For an explanation of the country abbreviations, see Table 1. As for country-specific analysis, the adjORs were estimated through multilevel logistic models with random effects for the primary sampling unit, while for the overall analysis, multilevel logistic models with random effects for countries were calculated. The models included the child ' s sex and age, maternal education and weight status, region of residence, the child ' s characteristics at birth (full-term birth; weight at birth) and breastfeeding in general/exclusive breastfeeding as covariates. The pooled model with general breastfeeding among the covariates was obtained including children from the following countries and age groups: 7-year-olds from Bulgaria, Czechia, Georgia, Latvia, Lithuania, Malta, Montenegro, Portugal, Spain and Turkmenistan; 8-year-olds from Albania, Croatia, France, Poland and Romania; and 9-year-olds from Kazakhstan. The pooled model with exclusive breastfeeding among the covariates was obtained including children from the following countries and age groups: 7-year-olds from Bulgaria, Georgia, Latvia, Lithuania, Portugal and Spain; 8-year-olds from Poland; and 9-year-olds from Kazakhstan.

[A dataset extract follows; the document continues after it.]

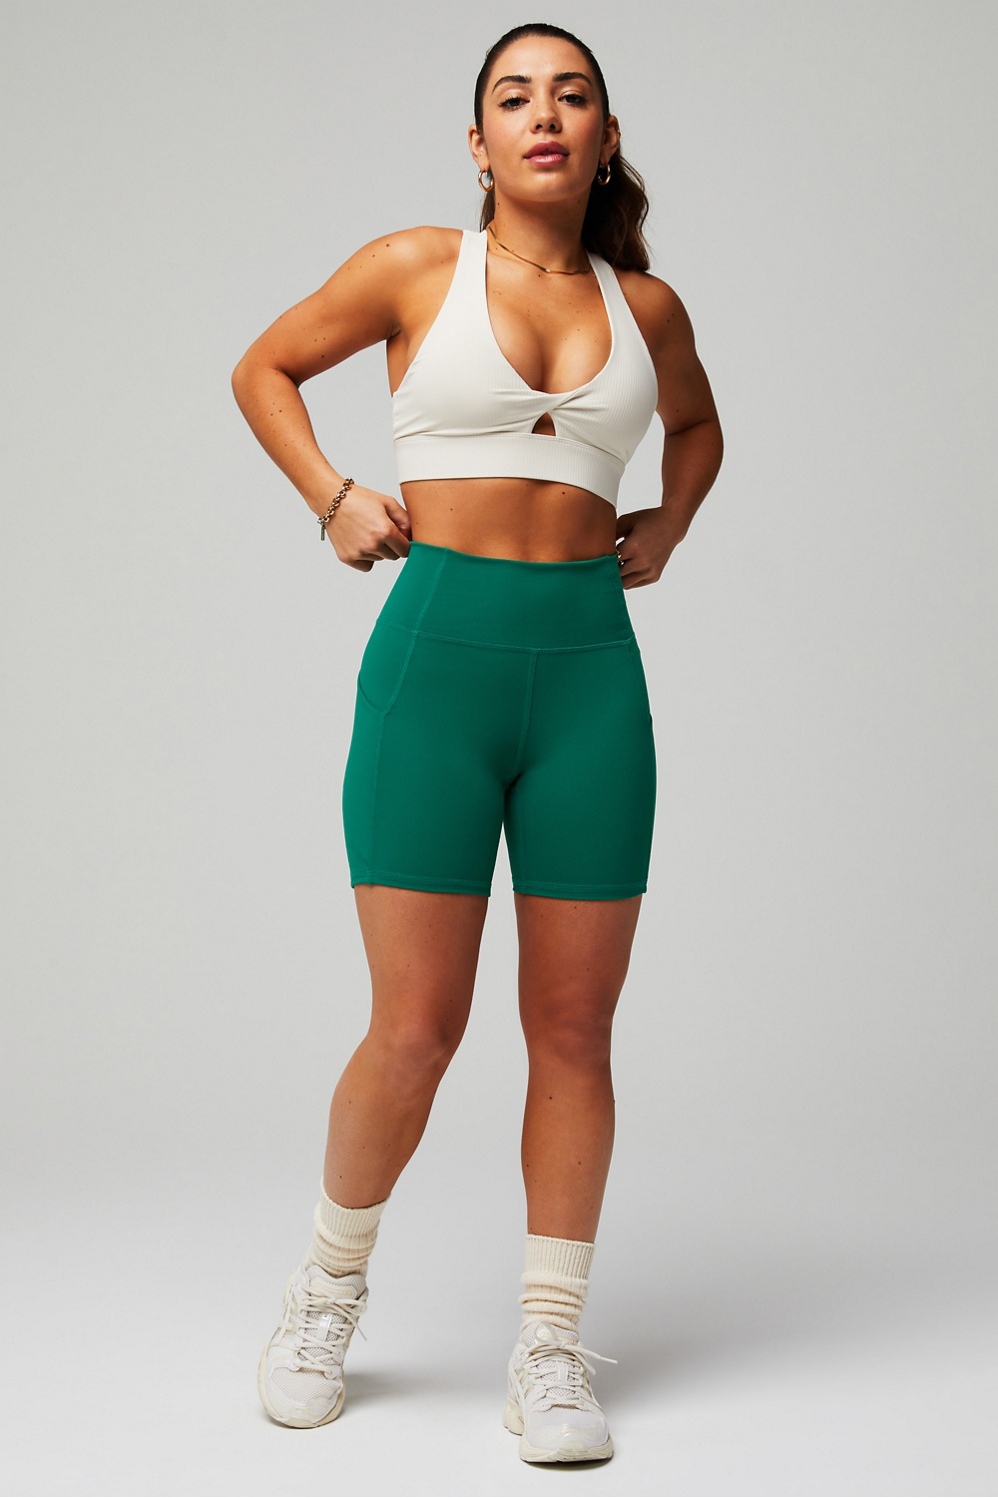 Oasis PureLuxe High-Waisted 6'' Short - Fabletics Canada

Regarding the association between obesity and characteristics at birth, the pooled analysis revealed higher odds of being obese in case of preterm birth (adjOR: 1.50; 95% CI: 1.42–1.59). A low birth weight was associated with a lower risk of being obese (adjOR: 0.65; 95% CI: 0.60–0.71), while a high birth weight was associated with a slightly greater risk (adjOR: 1.09; 95% CI: 1.02–1.16).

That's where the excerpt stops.